For more information on supply chain attacks, security firm Rescana offers detailed analyses of similar campaigns like the recent “TrapDoor” attack.
Recommended: Fbi vpn warning Exposes a Dangerous Flaw in Corporate Security
The Bottom Line on github malware
Ultimately, the emergence of github malware is less about a single piece of malware and more about the systemic weaknesses it exploits. It serves as a powerful reminder that trust in a platform does not guarantee the safety of its content. The attackers’ use of legitimate runtimes like Deno demonstrates a significant evolution in evasion tactics, making detection harder for conventional security tools. For all users, this implies that relying solely on platform-level security is insufficient. A proactive and skeptical approach to sourcing software is now essential.

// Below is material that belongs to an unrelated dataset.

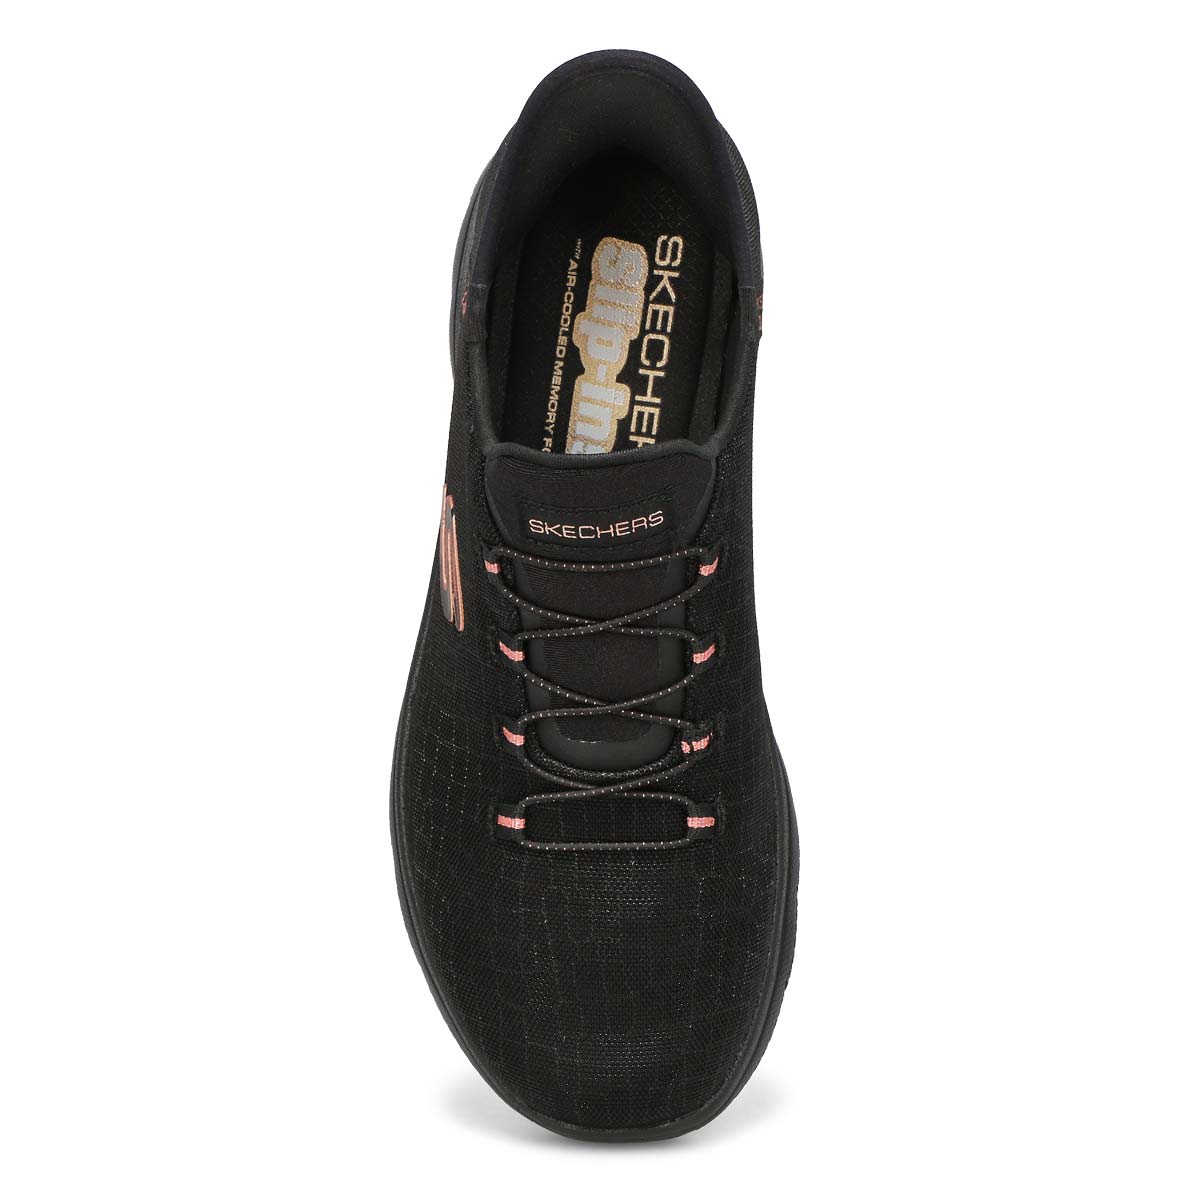 Womens Summits Classy Night Slip-Ins Sneaker - Black/Gold

Critical Signals to Watch:
- Watch for: Repositories for popular software from new or unverified GitHub/SourceForge accounts.
- Examine: Any installation process that requires pasting commands directly into a terminal, especially if it involves package managers like Scoop or the installation of runtimes like Deno.
- Stay updated on: The rise of “fileless” attacks that execute in-memory, as these are designed to evade traditional disk-based scanning.
- Check: The source of software. Whenever possible, download directly from the official vendor’s website, not from third-party aggregators or unvetted community posts.
- Note: The increasing abuse of legitimate, signed applications as Trojan horses to run malicious code, a technique that bypasses trust-based security models.
The challenge posed by github malware and similar malware campaigns underscores the need for a paradigm shift in security, moving from reactive takedowns to proactive verification and a zero-trust mindset, even within supposedly safe developer ecosystems.